Analysis of Gene Expression Data -
Most genes in an organism are expressed in RNA molecules, and
these can be of different natures (e.g., mRNA, miRNA, lncRNA).
Thus, understanding an organism's gene expression profiles is
vital to explore possible molecular targets of biological and
biotechnological interest. Similarly, these analyses are crucial
to understanding how organisms or tissues respond to different
conditions.
We are experienced in analyzing gene expression data, such as
microarray and RNA-seq in multiple species. In this sense, we
analyze data from any microarray platform and devise tools for
the analysis of expression data. Concerning RNA-seq data, we are
experienced in data analysis coming from the Illumina platform.
Keywords - Microarrays, RNA-Seq; SNPs; SNVs; Isoforms; LncRNA.
Machine Learning and Biological Data Analysis -
The use of artificial intelligence, particularly machine learning,
creates new opportunities for analyzing large volumes of biological
data. These techniques allow identifying patterns that are often
difficult to detect by other approaches and play a key role in
understanding and solving complex problems in agriculture,
livestock, extraction industry, health, and security.
Machine Learning techniques can be used to analyze genomic data,
seeking to identify new biomarkers with diagnostic or prognostic
value, or as potential therapeutic targets in the treatment of
diseases.
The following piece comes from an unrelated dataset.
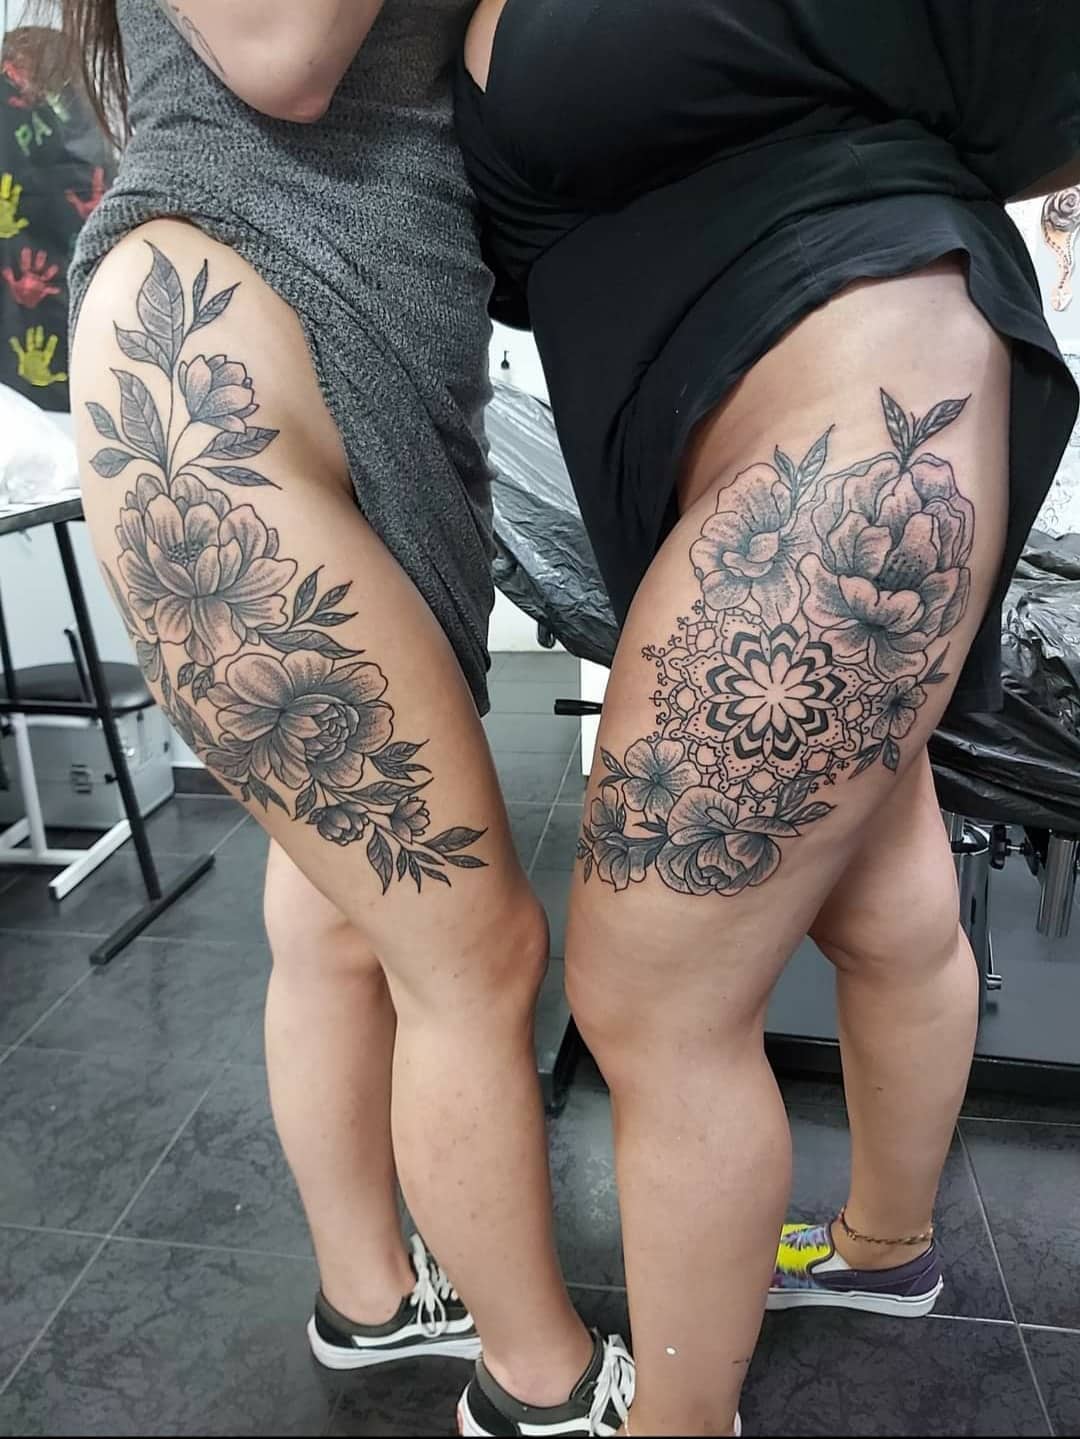 estevam-pinho-tattoo-artist-flowers-2-legs

Similarly, they can be utilized to detect SNPs and SNVs
of interest in a population. These same techniques can be used,
for example, in agriculture to discover unknown metabolic
pathways and defense mechanisms and their regulation for the
study of plant-pathogen interaction. It can also be applied to
the discovery of genetic variants with potential applications in
animal genetic improvement.
Our laboratory has years of experience creating new algorithms
for machine learning and using these techniques to different
biological and biotechnological interest problems.
Keywords - Data Science; Big Data Analytics; Translational Data Science; Feature Selection; Feature Extraction; Predictive Models; Data Mining.